PyDSH is a toolset to help simplify the administration of remote systems. The pydsh command enables running of a command on multiple hosts in parallel over RSH, SSH, or telnet, and manages your SSH public and private keys. The pydcp command enables SCP-like functions to and from multiple hosts in parallel.
openMosix is a a set of extensions to the standard Linux kernel allowing you to build a cluster of out of off-the-shelf PC hardware. openMosix scales perfectly up to thousands of nodes. You do not need to modify your applications to benefit from your cluster (unlike PVM, MPI, Linda, etc.). Processes in openMosix migrate transparently between nodes and the cluster will always auto-balance.
Warewulf is an operating system management toolkit designed to facilitate large scale deployments of homogeneous and heterogeneous systems on physical, virtual and cloud based infrastructures. Originally, the Warewulf project pioneered the concept of stateless computing in HPC, setting the standard for large-scale cluster provisioning.
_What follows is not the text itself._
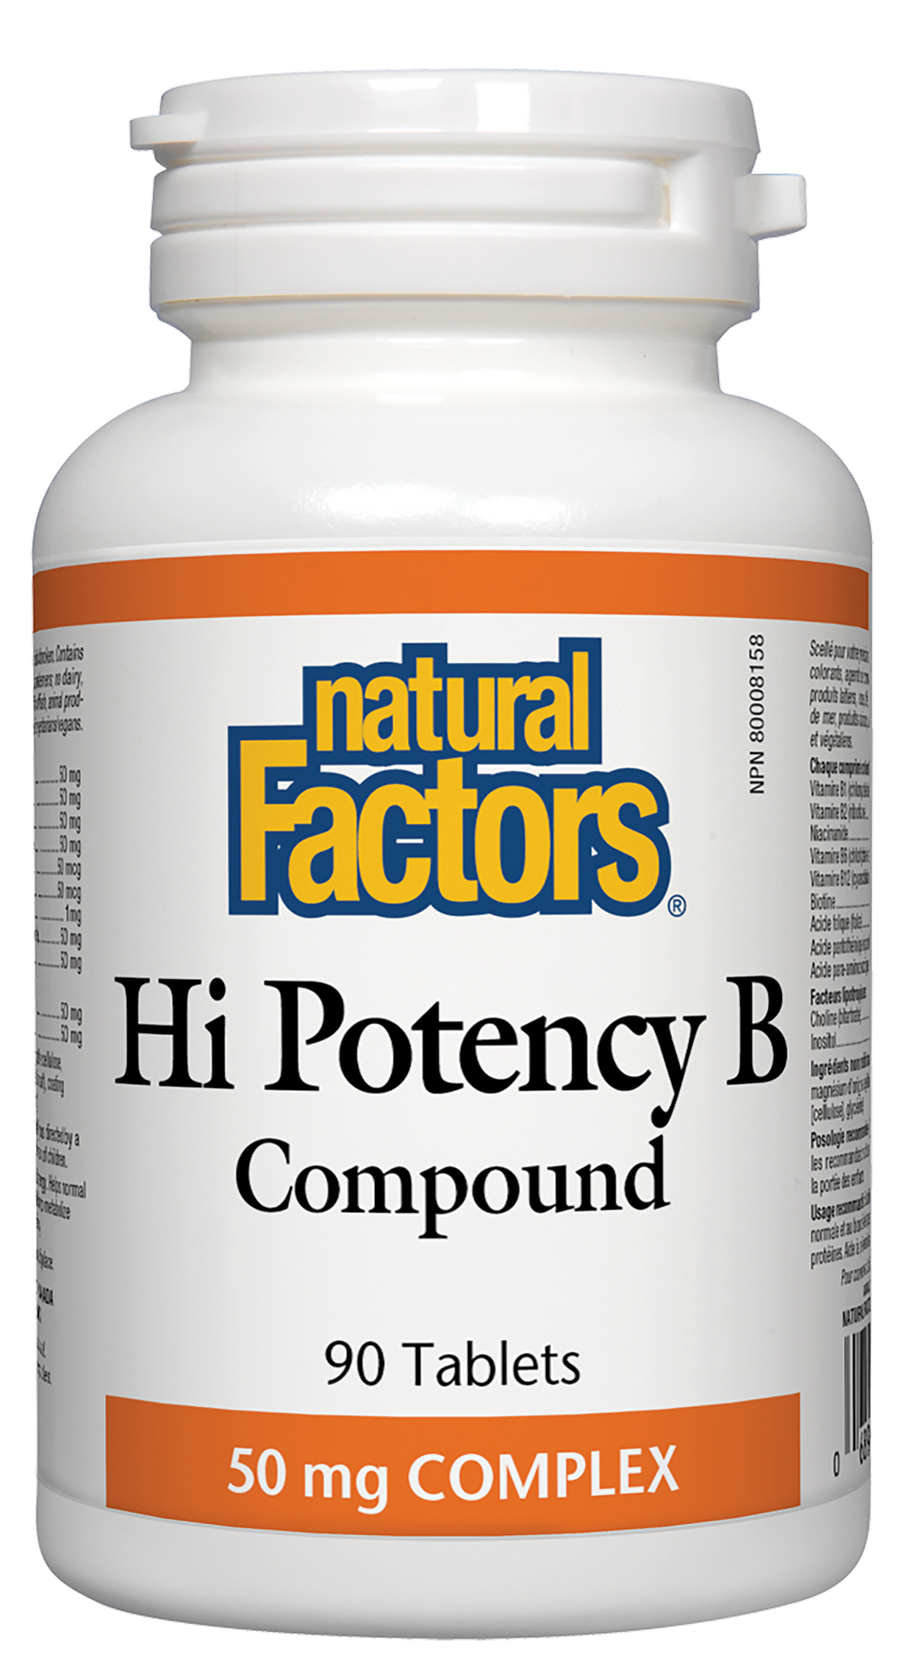 Natural Factors Hi Potency B Compound 50 mg COMPLEX 90 Tablets

It provided two functions, provisioning and monitoring but the two functions did not communicate within Warewulf itself, nor was it possible to hook other functions directly into Warewulf itself. Today, Warewulf is more than just a basic provisioning and monitoring solution as it now implements an abstract, object-oriented data store and a modular interface that facilitates a highly extensible, customizable feature set. Current and planned modules include monitoring (operating system, services, filesystems, etc.), provisioning, power management, user management, configuration management, event/trigger handling and notification, scheduler integration, cloud services (both local and remote), etc.
libGlass is a scalable set of components that can be used by applications to perform distributed computing. Applications are built by reusing the available components as needed. One of the major goals of Glass is to be a user-friendly framework, not only suitable for new applications, but also for legacy code. This is an important feature, as most available solutions for distributed computing require a substantial amount of rewrite of legacy code.
The ENBD (Enhanced Network Block Device) is an industrial-strength version of the Linux kernel NBD. It makes a remote disk look like a local block device, allowing cheap and safe realtime mirrors to be built over the net. It features internal block-journalling and multichannel failover.
Genders is a static cluster configuration database used for cluster configuration management. It is used by a variety of tools and scripts for management of large clusters. The genders database is accessed by every node in a cluster, either through a networked file system or by replicating the database on every node of the cluster. The database describes the layout and configuration of the cluster so that tools and scripts can sense the variations of cluster nodes. By abstracting this information into a plain text file, it becomes possible to change the configuration of a cluster by modifying only one file.
ConMan is a serial console management program designed to support a large number of console devices and simultaneous users. It supports local serial devices, remote terminal servers (via the telnet protocol), IPMI Serial-Over-LAN (via FreeIPMI), Unix domain sockets, and external processes (e.g., using Expect to control connections over telnet, ssh, or IPMI Serial-Over-LAN). Its features include logging (and optionally timestamping) console device output to file, connecting to consoles in monitor (R/O) or interactive (R/W) mode, allowing clients to share or steal console write privileges, and broadcasting client output to multiple consoles.